TASK TO CARRY OUT
Quote the lines below from the one containing "Chanel Tortoiseshell Style Sunglasses" to the final line, both ends included; exclude the pictures.

RAW DATA

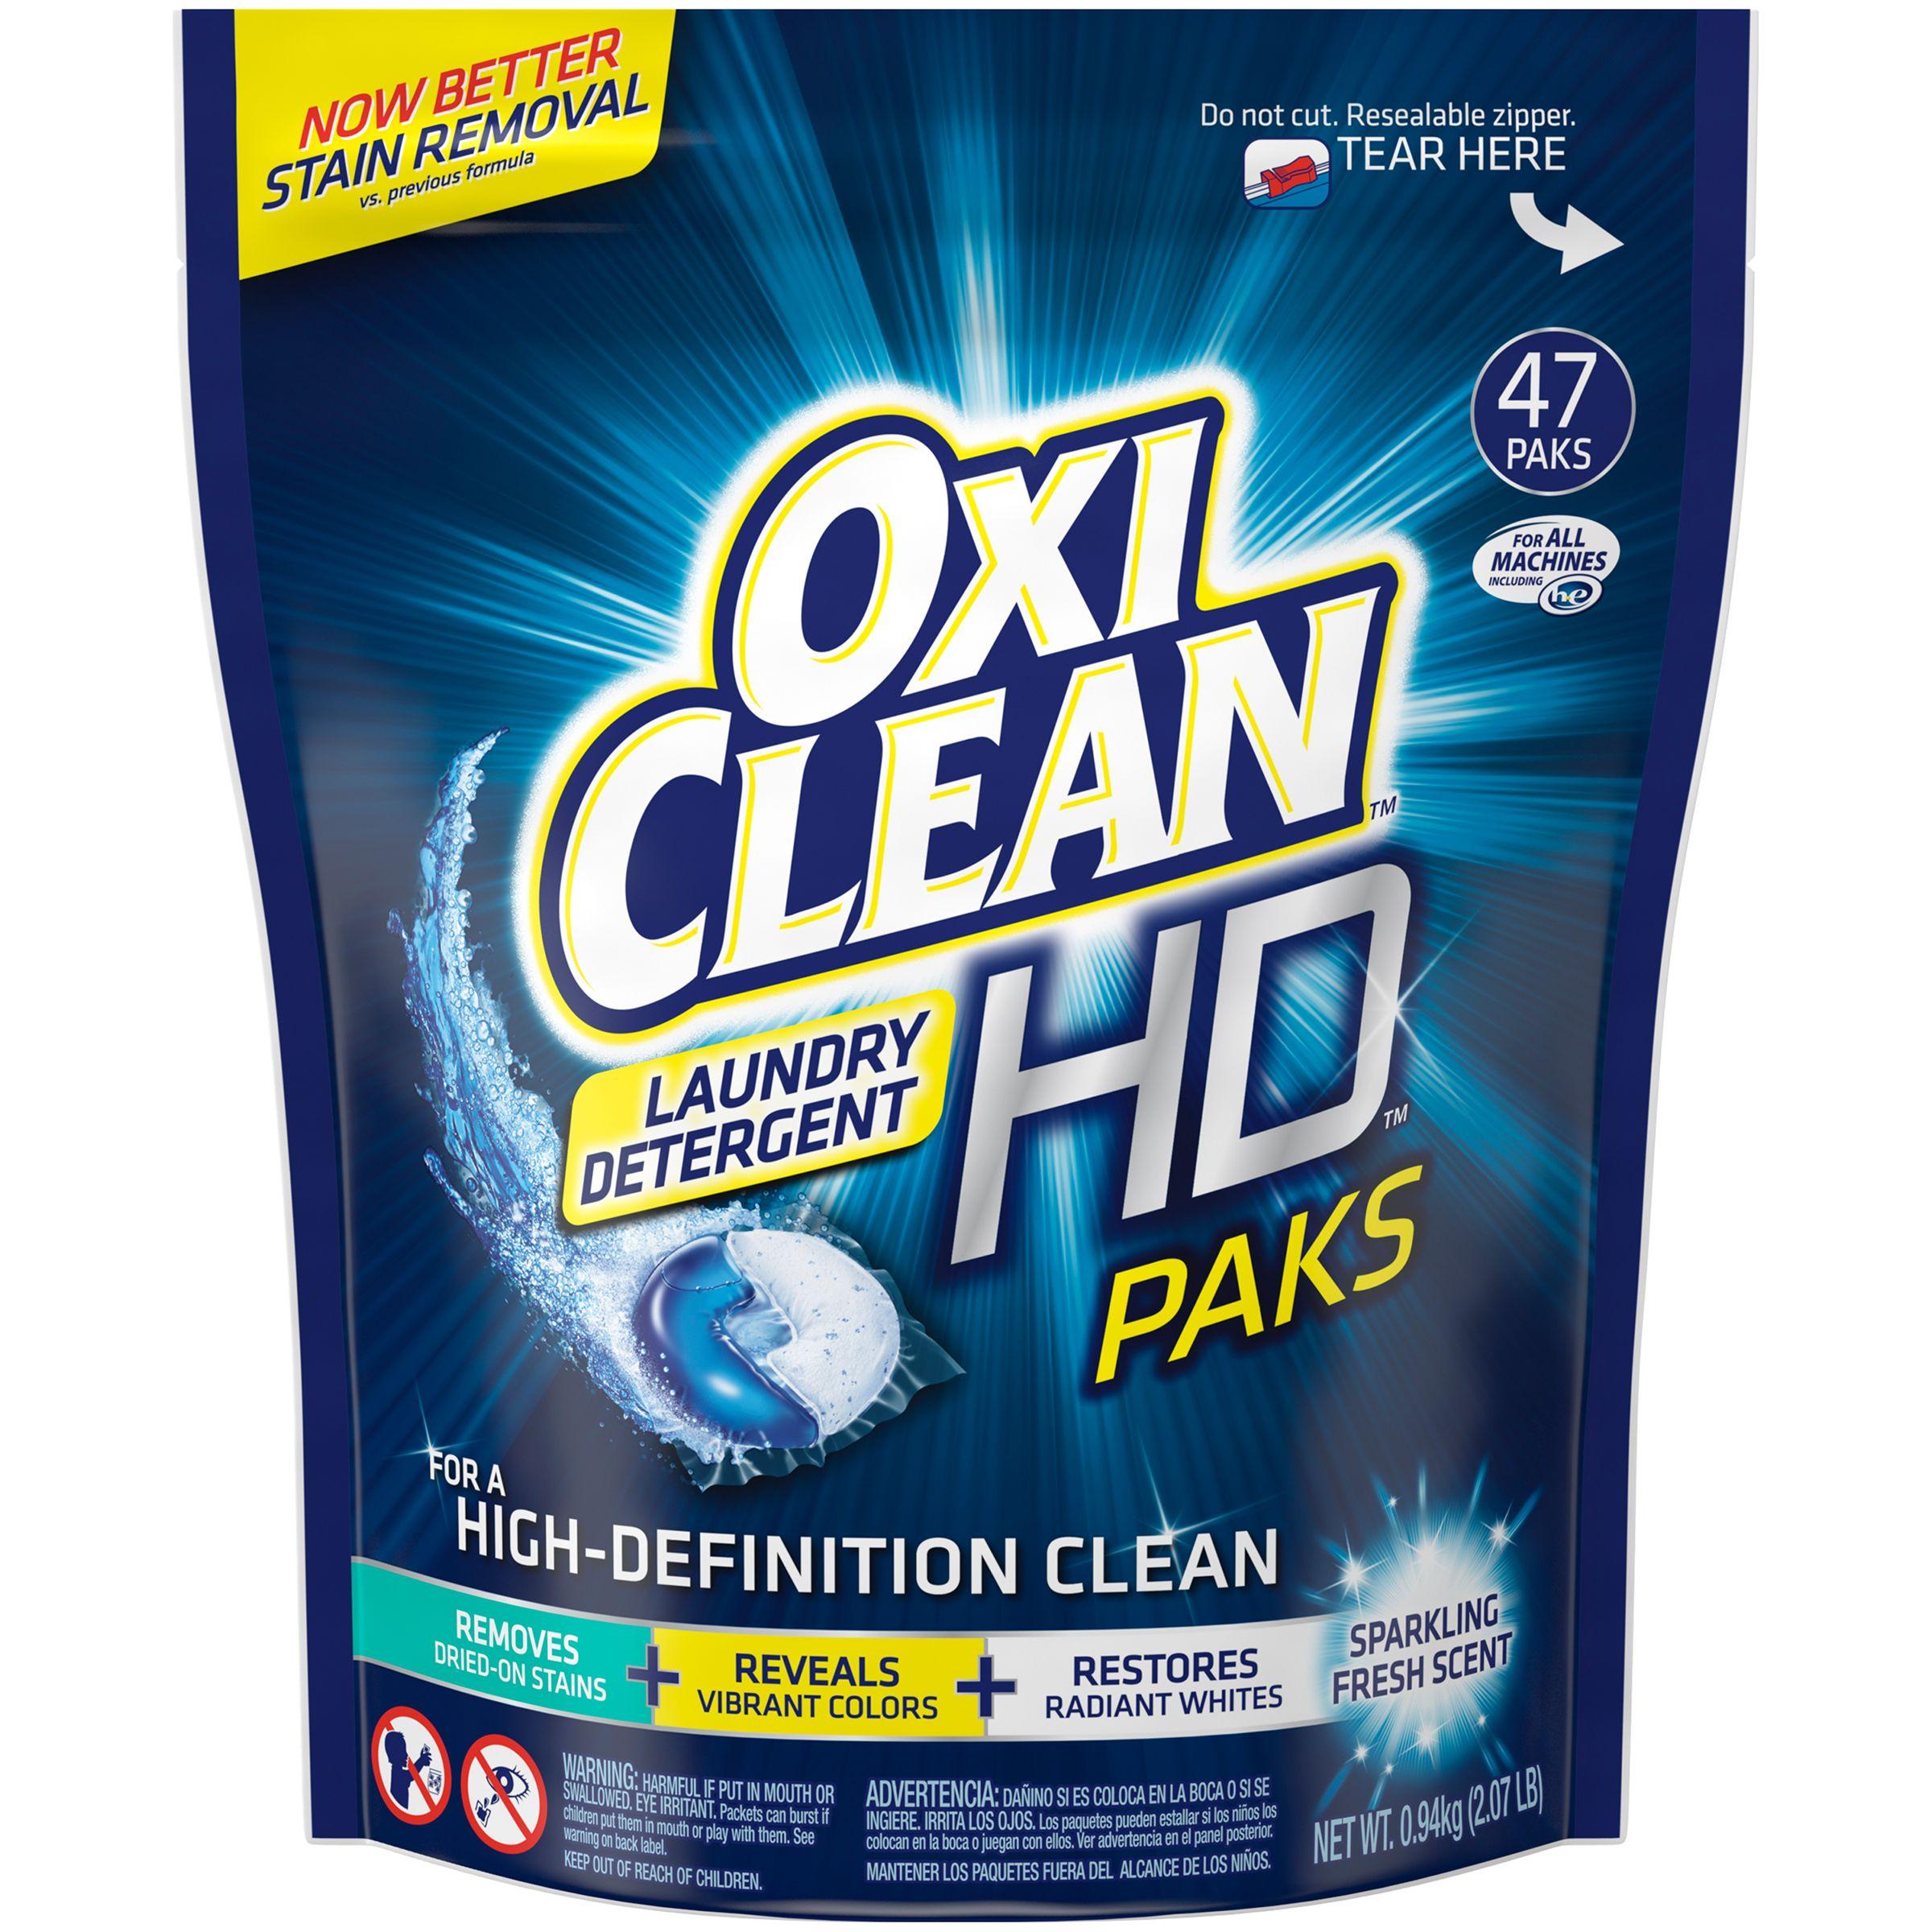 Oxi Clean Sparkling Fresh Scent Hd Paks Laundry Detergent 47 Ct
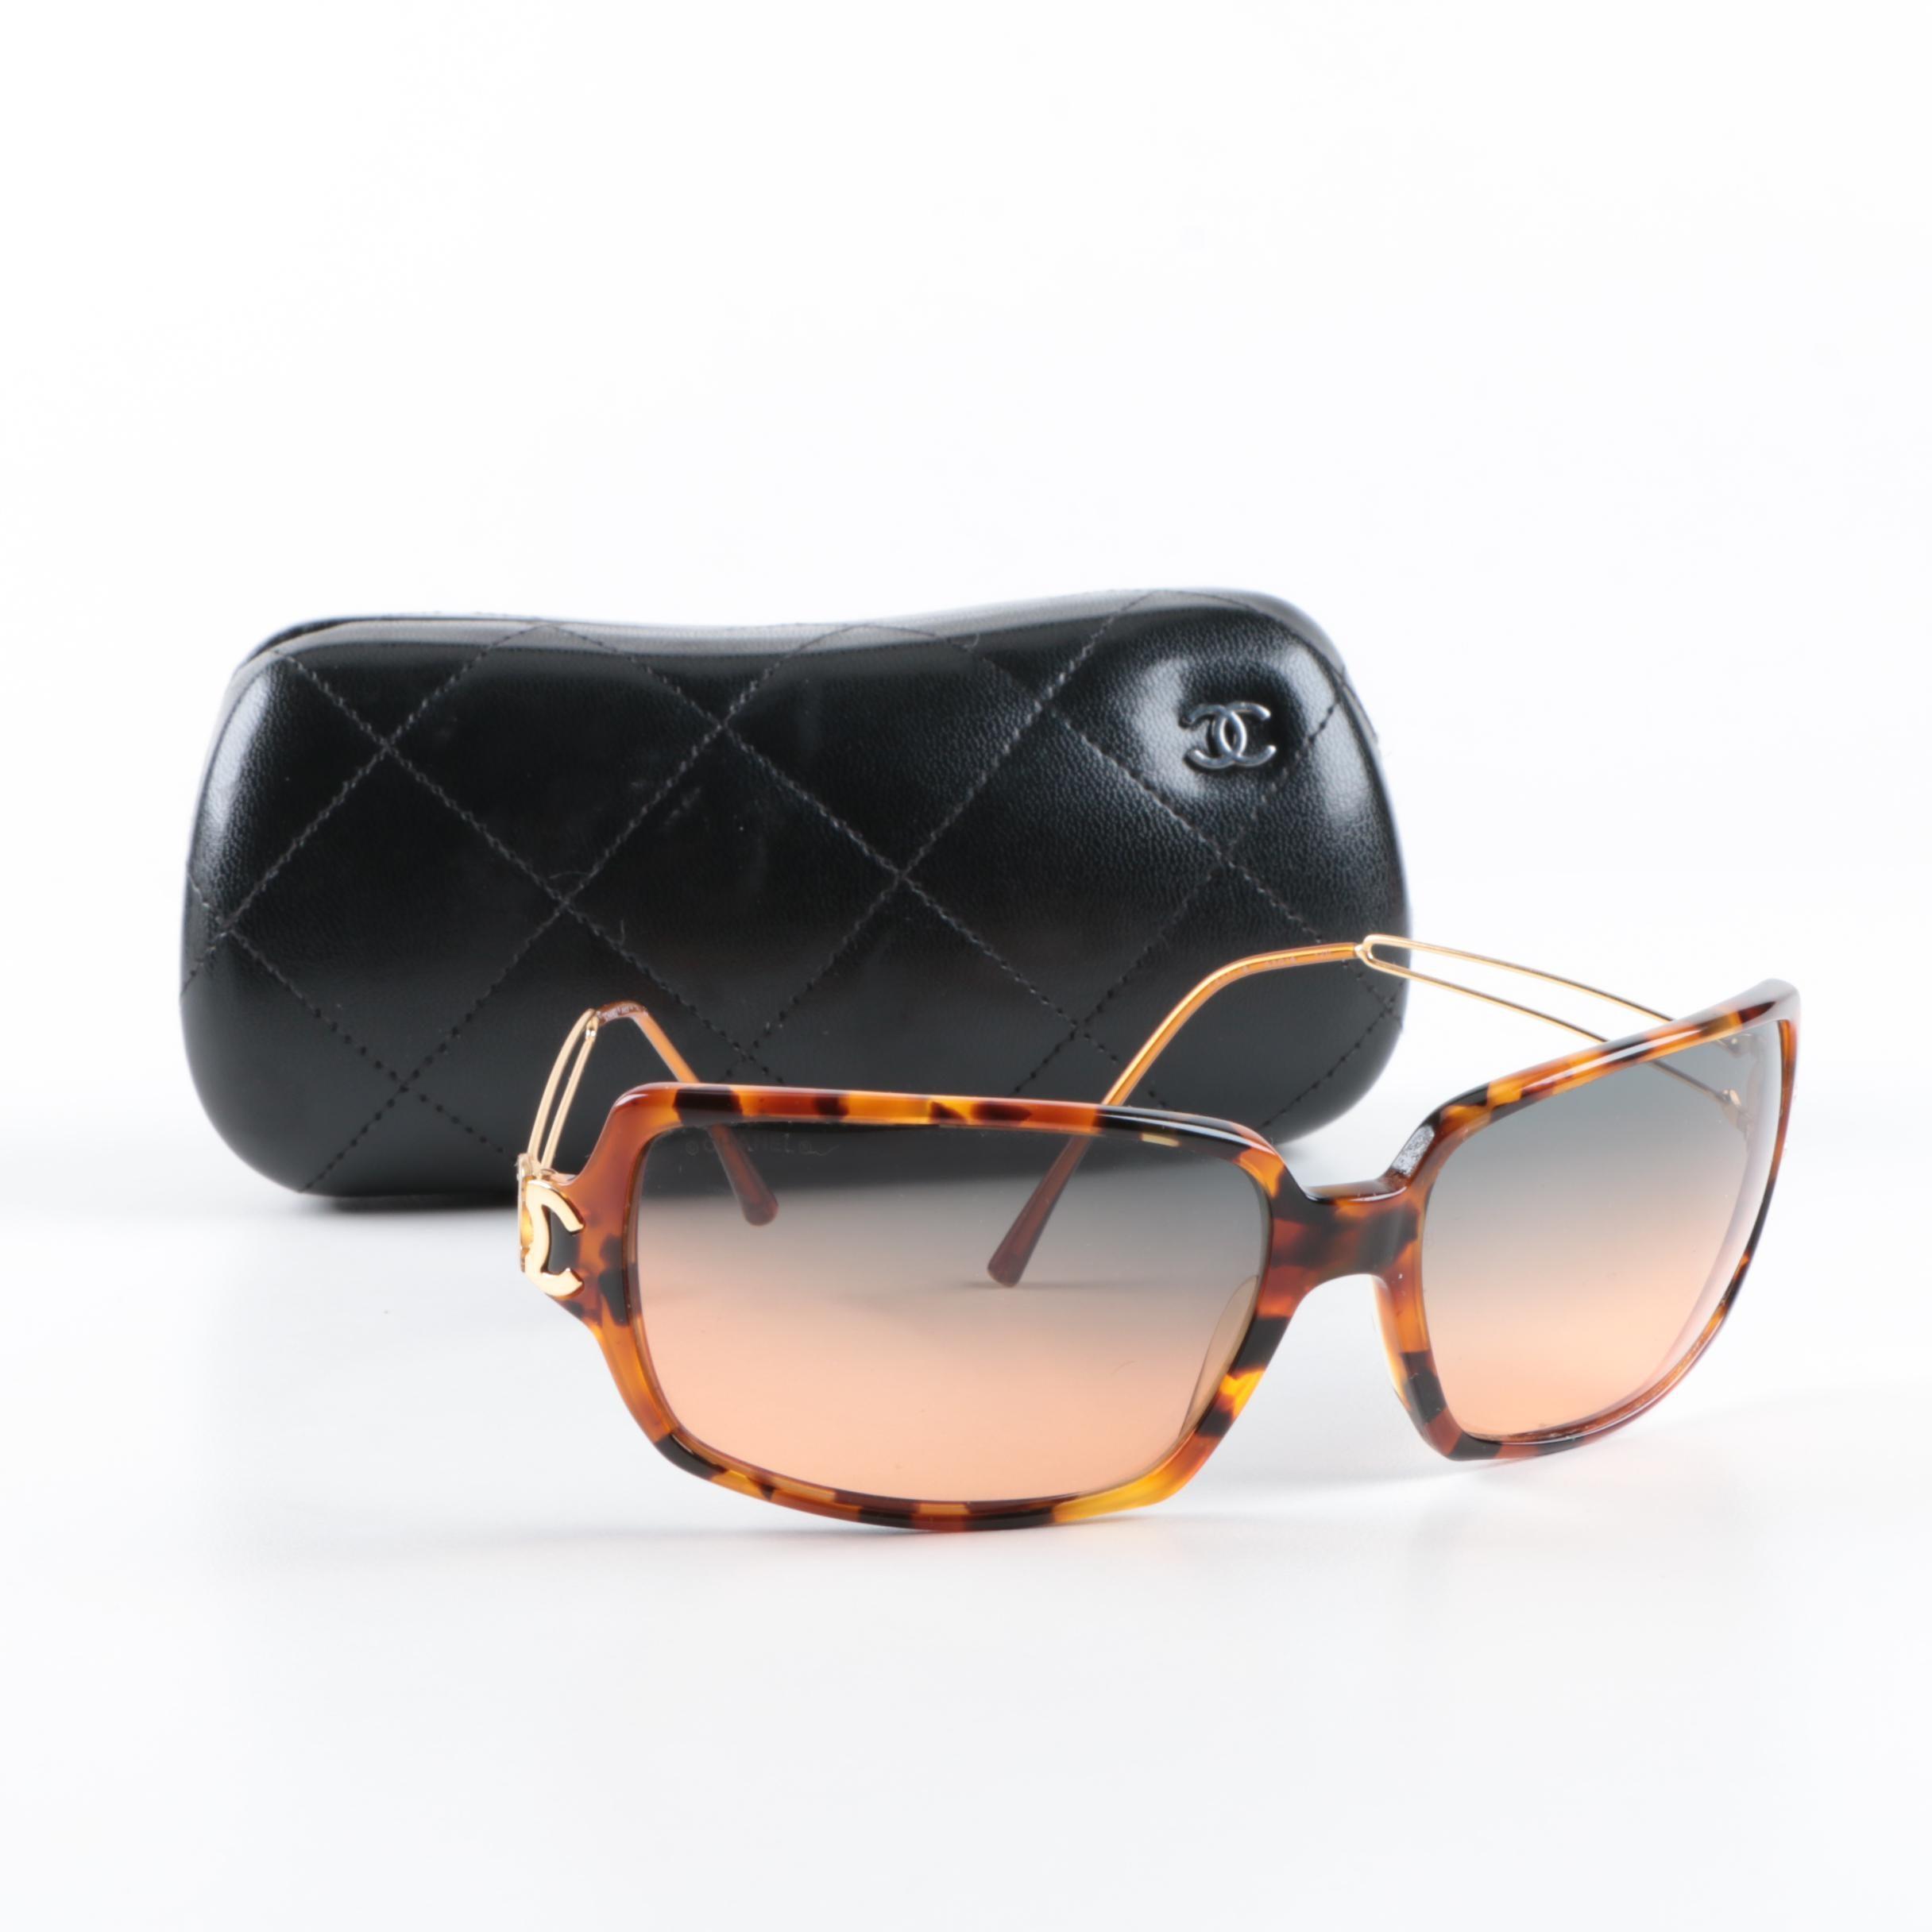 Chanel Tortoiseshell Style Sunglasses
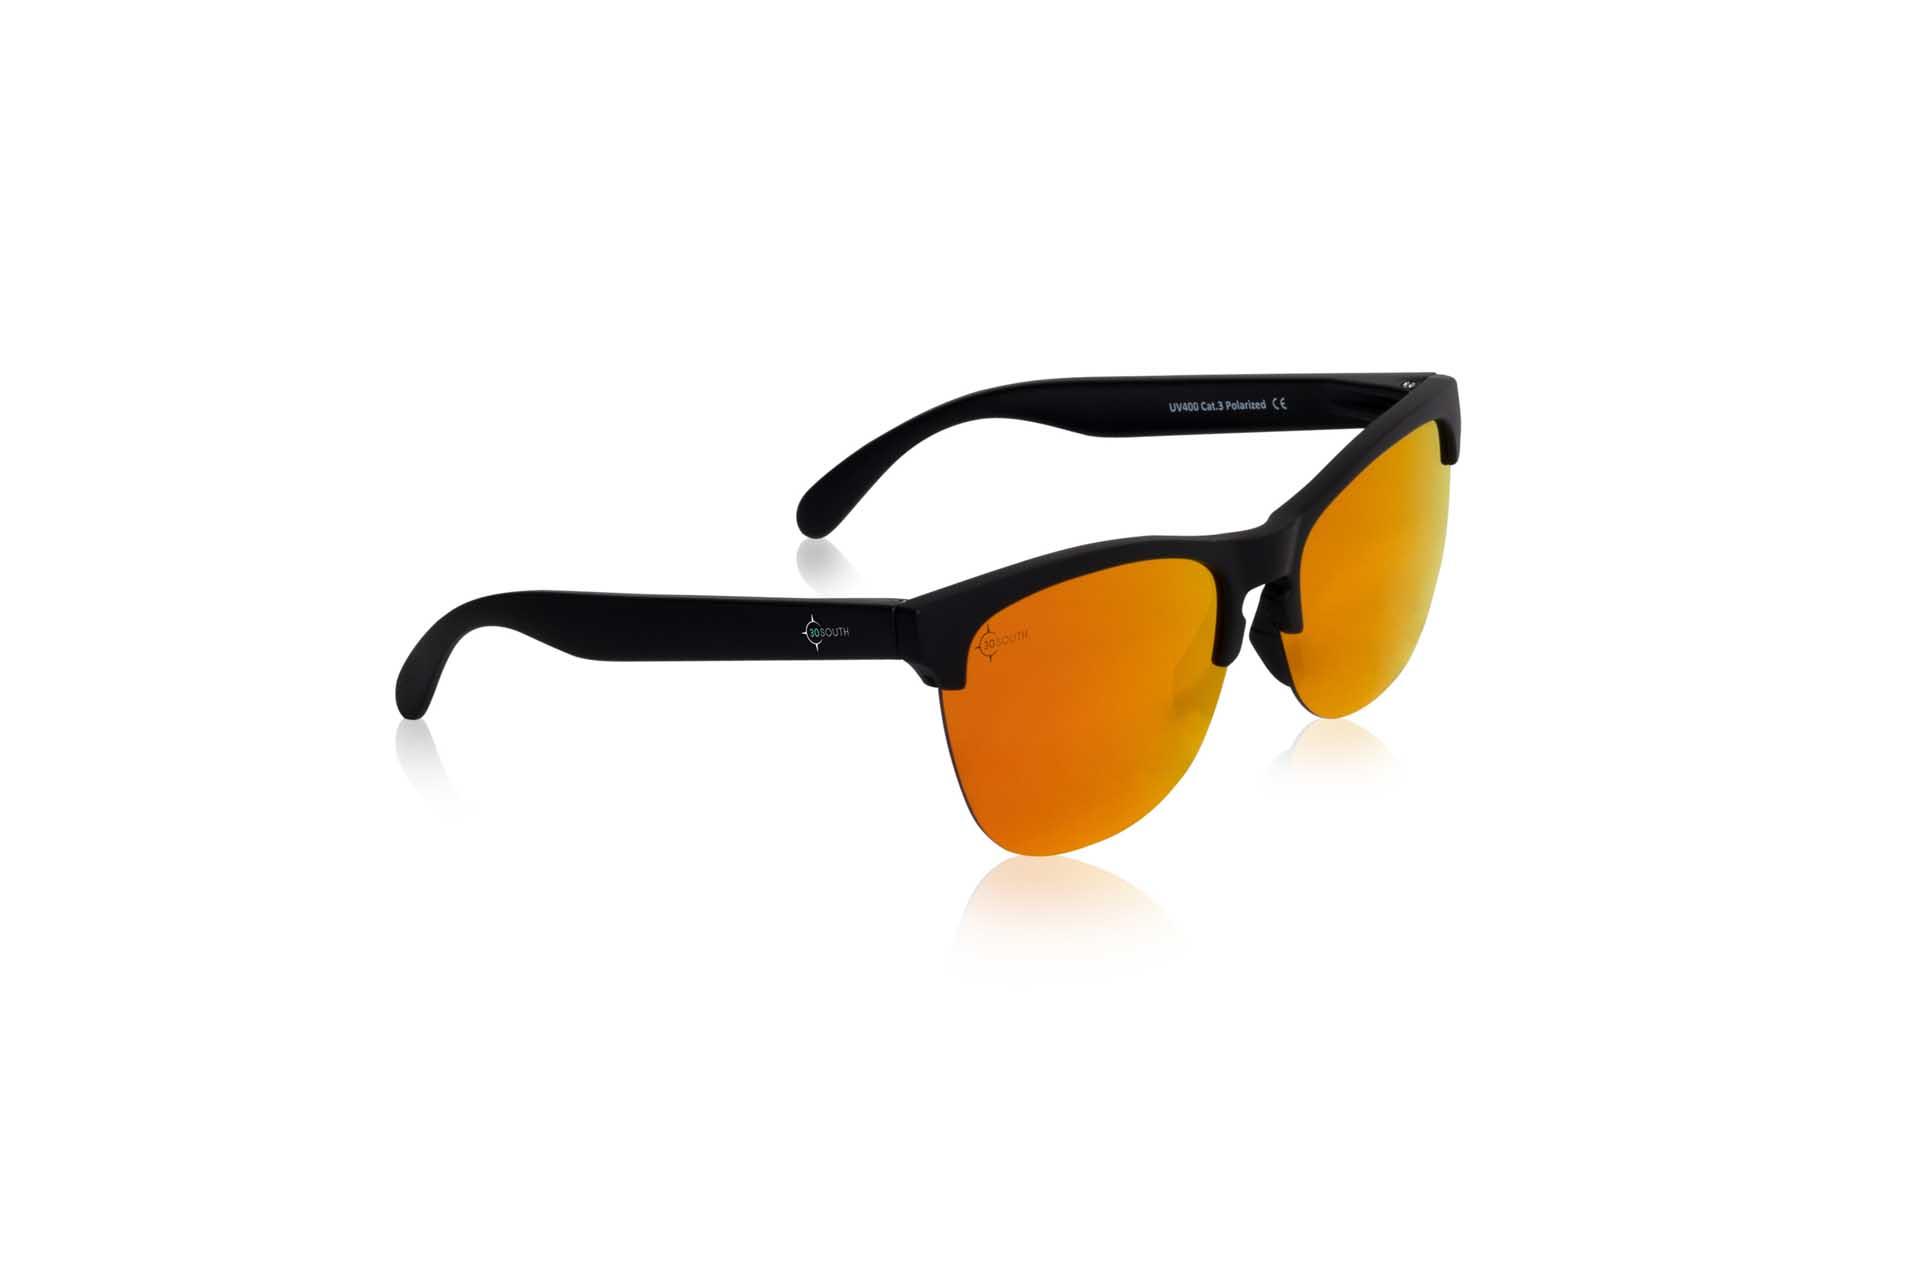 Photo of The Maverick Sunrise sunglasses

TASK RESULT
 Chanel Tortoiseshell Style Sunglasses
 Photo of The Maverick Sunrise sunglasses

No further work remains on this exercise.